Zhao, Cao and Zhang[
17] present a new model called CompNET, which aims to improve classification accuracy without the need for large and pretrained datasets. The basic idea is to combine the top-k results from multiple models and then analyze the intersections between these models. Since the top-k results often contain the correct class, CompNET intersects the different outputs to isolate the correct class, even if it is not the Top-1. Combining CompNET with existing models improved classifica- tion accuracy comparing with individual methods, such as ResNet or EfficientNet. For example, the top-1 accuracy without CompNET was 88.3%; with CompNET, it raise to 94.1%.
The related works cited in this paper were selected based on their relevance to writer identification. Preference was given to recent and widely cited studies. This paper was included to show all Arabic historical studies in writer identification field. Following
Table 2 and
Table 3 shows the summary of arabic and other labguage studies.

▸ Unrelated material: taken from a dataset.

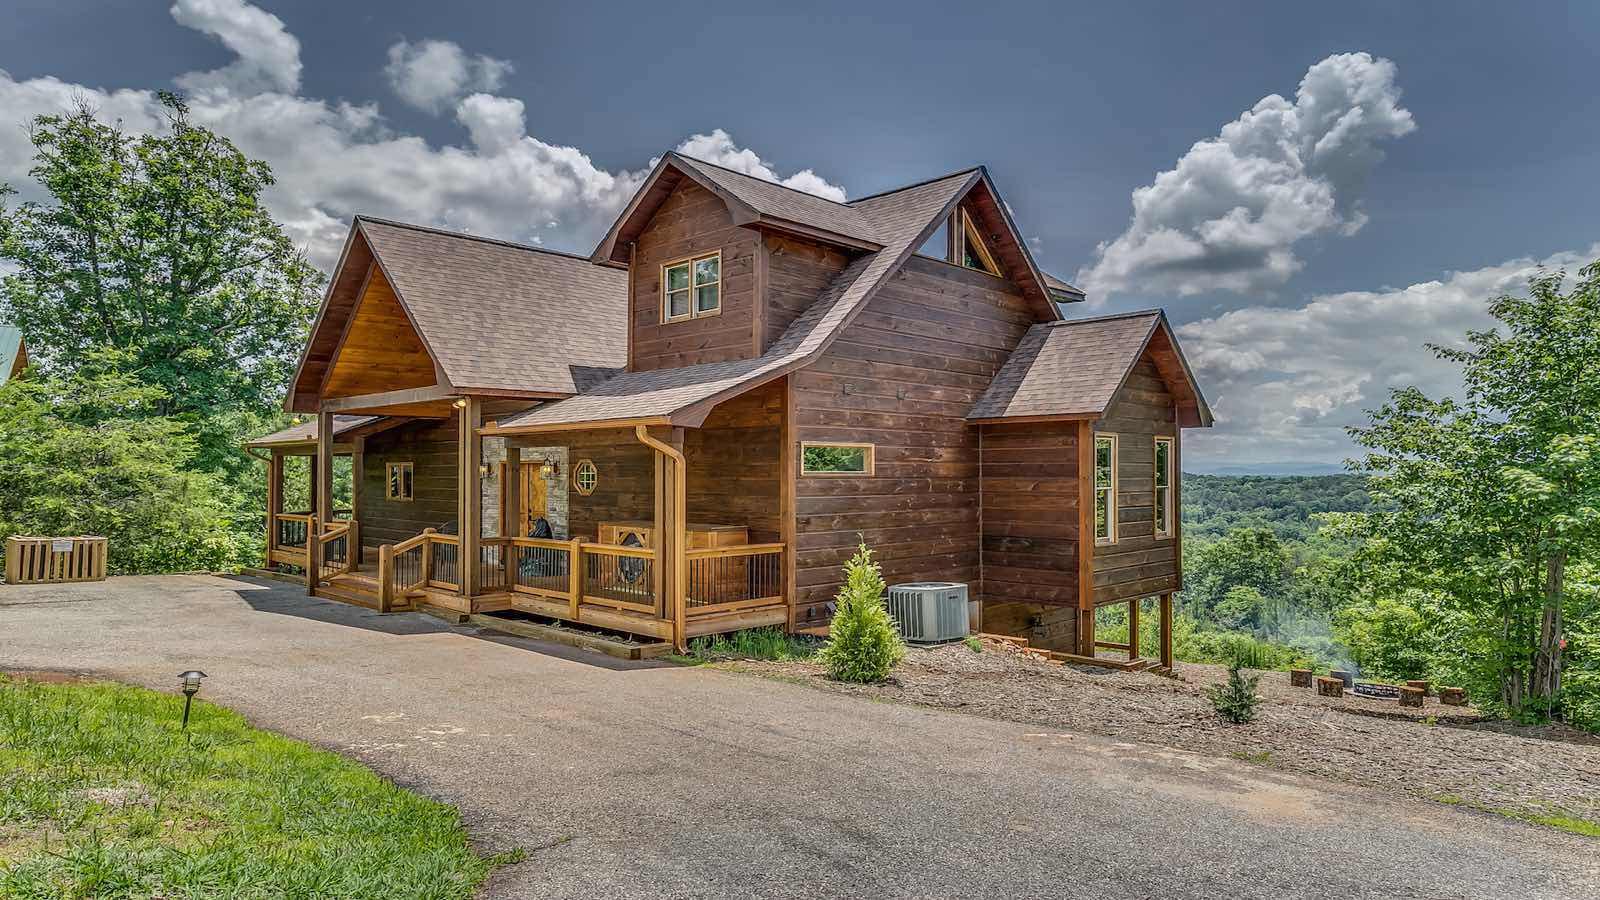 blue pro ridge cabins ga rental sunrise mountain at detailcabin stone cabin

Our inspiration comes from the research and projects discussed, leading us to leverage the WAHD dataset. This dataset stands out for its vast collection of historical documents spanning various time periods and locations.
3. Research Methodology
Choosing of DeepWriter and Half DeepWriter was motivated by their architecture’s proven effectiveness in writer identification tasks across various languages demonstrated the best performance on the IAM dataset. First, Deep Writer, a unique model set apart from traditional Deep CNNs by two distinct paths, each comprising multiple layers. These paths converge into a single unified path, culminating in a dependable and accurate outcome. Second , Half-deep writer It has a design of half structure of deep writer with a single path.
In contrast, while models like ResNet and Inception are powerful general-purpose CNNs, they are not specifically designed for author identification. For example, ResNet20 was used to extract features from specialized datasets like Balamand, not for end-to-end author classification. Our approach integrates classification directly into the pipeline, specifically for this task.
3.1. Datasets
WAHD stands for Writer’s Identification of Arabic Historical Document[
5]. This data set can be used for the writer’s identification of Arabic historical documents. This contains historical Arabic manuscripts produced by multiple known and unknown writers, which include a range of time periods. Manuscripts have been gathered from the National Library in Jerusalem (NLJ) and the Islamic Heritage Project (IHP). The dataset includes 353 manuscripts from 322 different writers, comprising a total of 43,976 pages. Specifically, the IHP contributes manuscripts from 302 writers, amounting to 36,969 pages, with 23 of those writers being known. Meanwhile, the NLJ contributes manuscripts from 20 authors, containing 7,007 pages.
Eleven writers who authored multiple manuscripts (S-Multi) contribute 2,313 pages. Twelve writers who wrote only one manuscript (S-Single) account for 2,108 pages. Two hundred seventy-nine manuscripts by unknown authors (S-Unknown) comprise 32,548 pages. Two hundred one manuscripts are of unknown provenance. The books cover six subjects: religion, mathematics, physics, agriculture, literature, and science.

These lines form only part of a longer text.